Try it: Within the entries below, the lines from the one with "Γυναικεία/Ρούχα/Αθλητικά/T-shirt-Τοπ NIKE - Γυναικείο" through the one with "Clipping: Site Ítalo-Brasileiro" are to be set down exactly, both ends kept.

Data listing:

╔══

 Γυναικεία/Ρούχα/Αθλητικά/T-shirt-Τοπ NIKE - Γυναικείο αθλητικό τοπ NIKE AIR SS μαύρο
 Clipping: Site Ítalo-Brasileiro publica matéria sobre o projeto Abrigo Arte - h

╚══
╔══

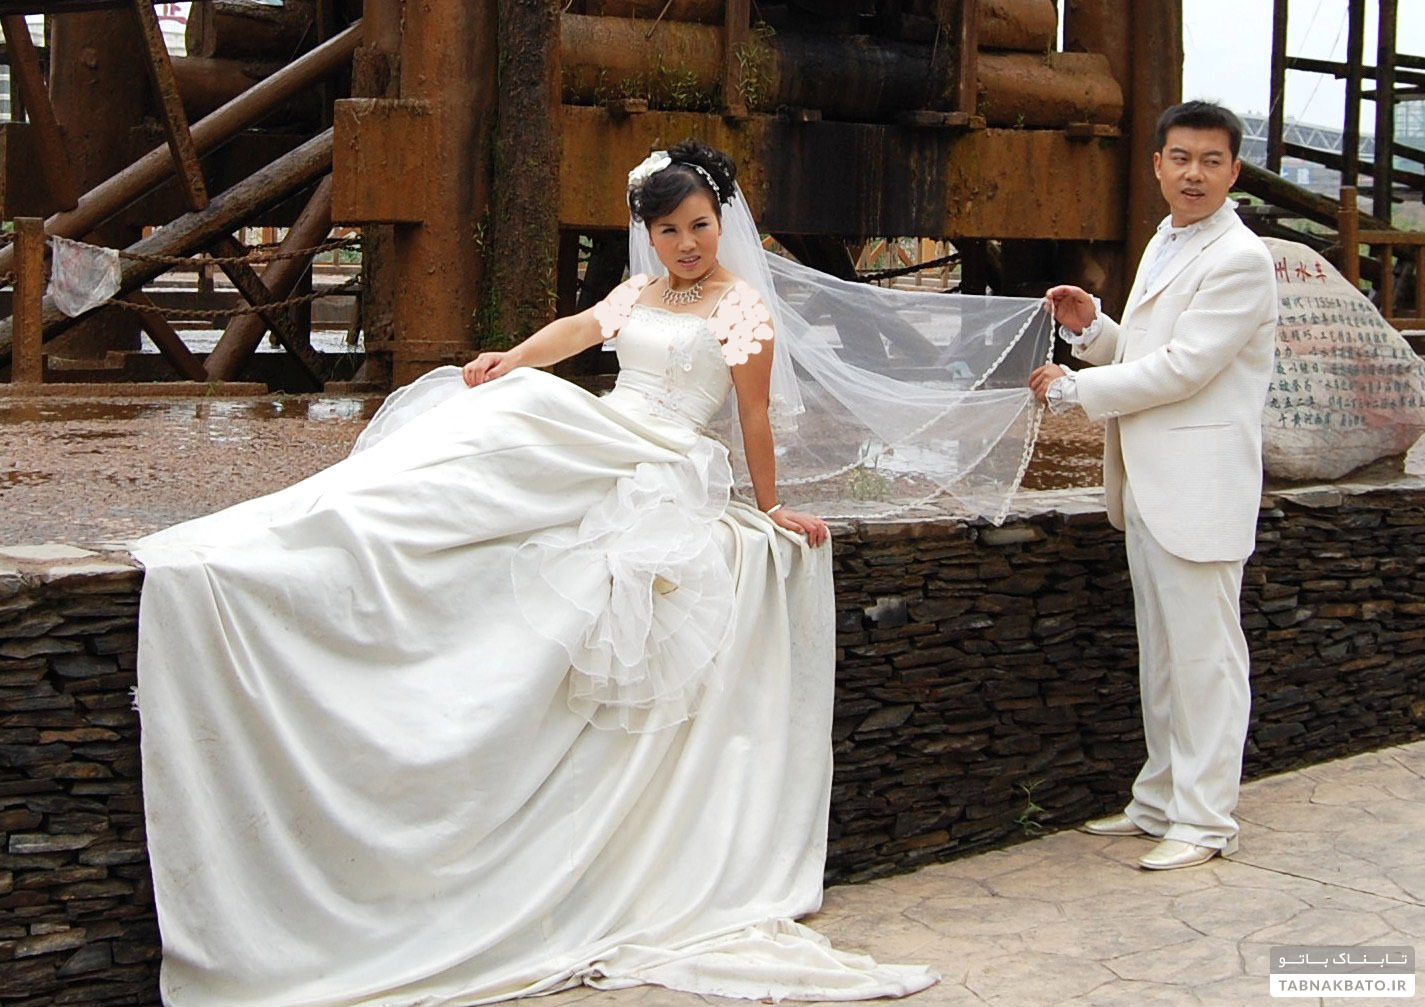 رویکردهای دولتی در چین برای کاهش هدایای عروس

╚══

Result below:
 Γυναικεία/Ρούχα/Αθλητικά/T-shirt-Τοπ NIKE - Γυναικείο αθλητικό τοπ NIKE AIR SS μαύρο
 Clipping: Site Ítalo-Brasileiro publica matéria sobre o projeto Abrigo Arte - h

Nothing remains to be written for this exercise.